Having looked around online I’m seeing mixed options for hosting this, some where I need to install it myself and others where it appears it is fully managed. Does anyone have an easy solution which is proven to work?
Interested as well. I just started using groq the other day so I was wondering if it was an option there, or if there was a way to provide models to groq
Found this on the groq website, looks possible GroqCloud - Groq is Fast AI Inference
Is it any good generating code?
Groq is super fast, they also have free tier.
But they only host somewhat weak models for coding.
Like their best is Llama 3.1 70b I think.
So while speed is exciting I prefer Google Gemini 1.5 Flash. Its almost as fast and is better then models that Groq runs
OpenRouter has almost any model
And they also publish stats for which apps use which models how much
They have Qwen coder 32b
I gave it a try. In my view Sonnet and may be even GPT4 are still better models. May be even Gemini Flash and Pro are better.
Its cool model if you have super machine to run it fast locally for “free” as you spend a fortune on good machine to run it
So for free models I prefere Google models, and for paid best ones in town are OpenAI o1 preview and Antropic Sonnet 3.5 depending on the task.

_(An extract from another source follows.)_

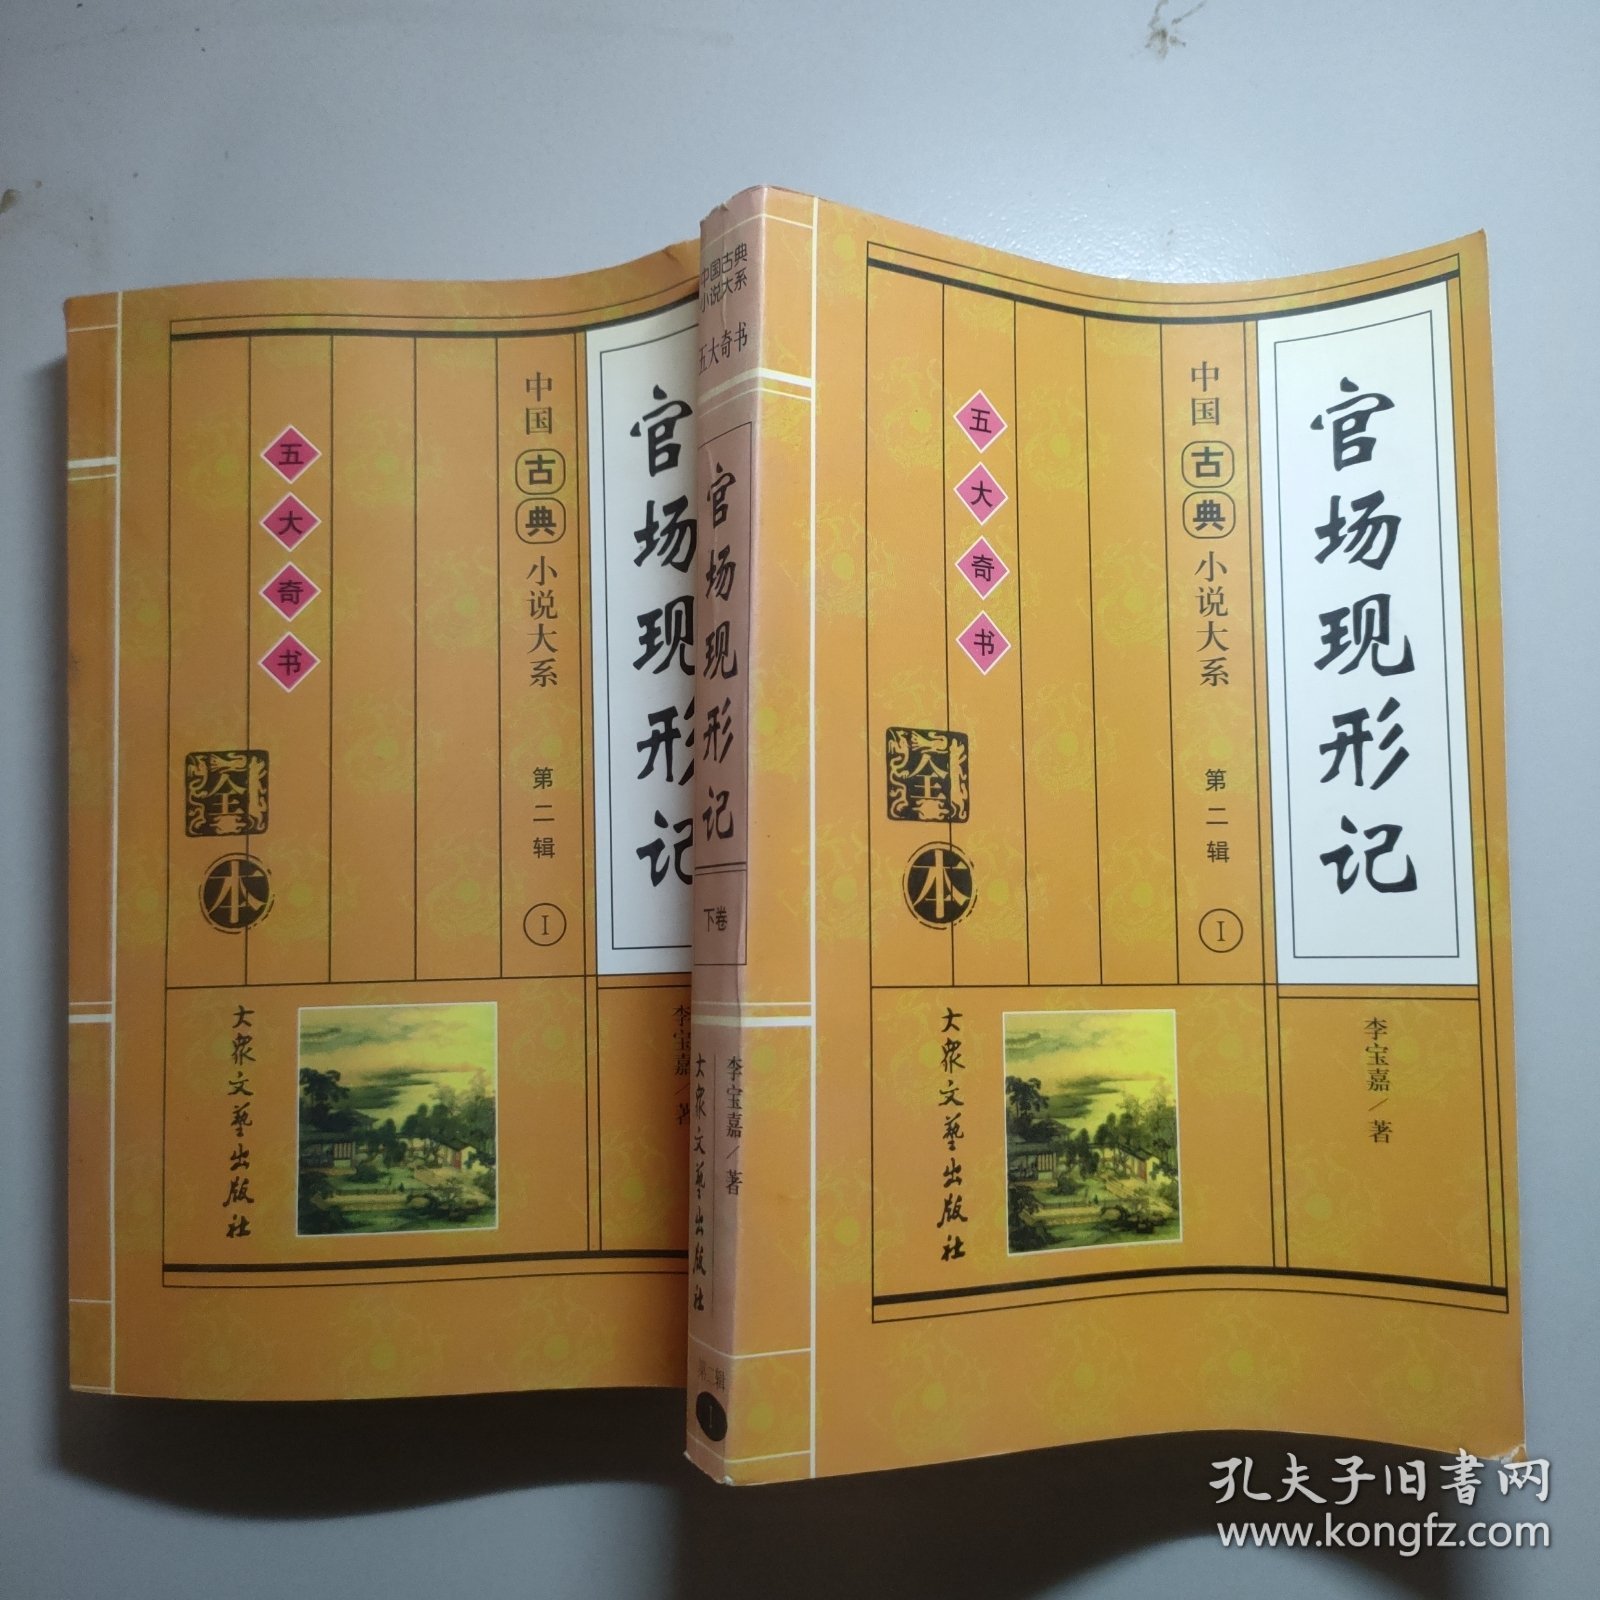 中国古典小说大戏第二辑 五大奇书 全本 官场现行记 上下卷

I wonder how Haiku 3.5 compares to Google in that sense
Great suggestion, I was able to get it up and running on OR quite easily, now I can play around with different models and see how it goes. Thanks a lot
I’m considering trying novita.ai, but haven’t taken the jump yet. They seem reasonably priced.
I took a look round that yesterday and couldnt really understand what I needed to do lol, would be great to get your feedback if you do it
Having got this up and running on openrouter, its been working well. Fast, responses not as good as Sonnet, by quite a margin, but massive price difference! I am finding it throws this error every so often, I am wondring if it’s some kind of rate limit or network issue or timeout setting
I had to edit ‘app/utils/constants.ts’ and set the DEFAULT_MODEL to the model I’m using externally instead of the default Claude. If not, I would get the same error message you have. It seems like Ottodev has some issues connecting to an https host when the server instance is over http since it defaults to the before-mentioned DEFAULT_MODEL.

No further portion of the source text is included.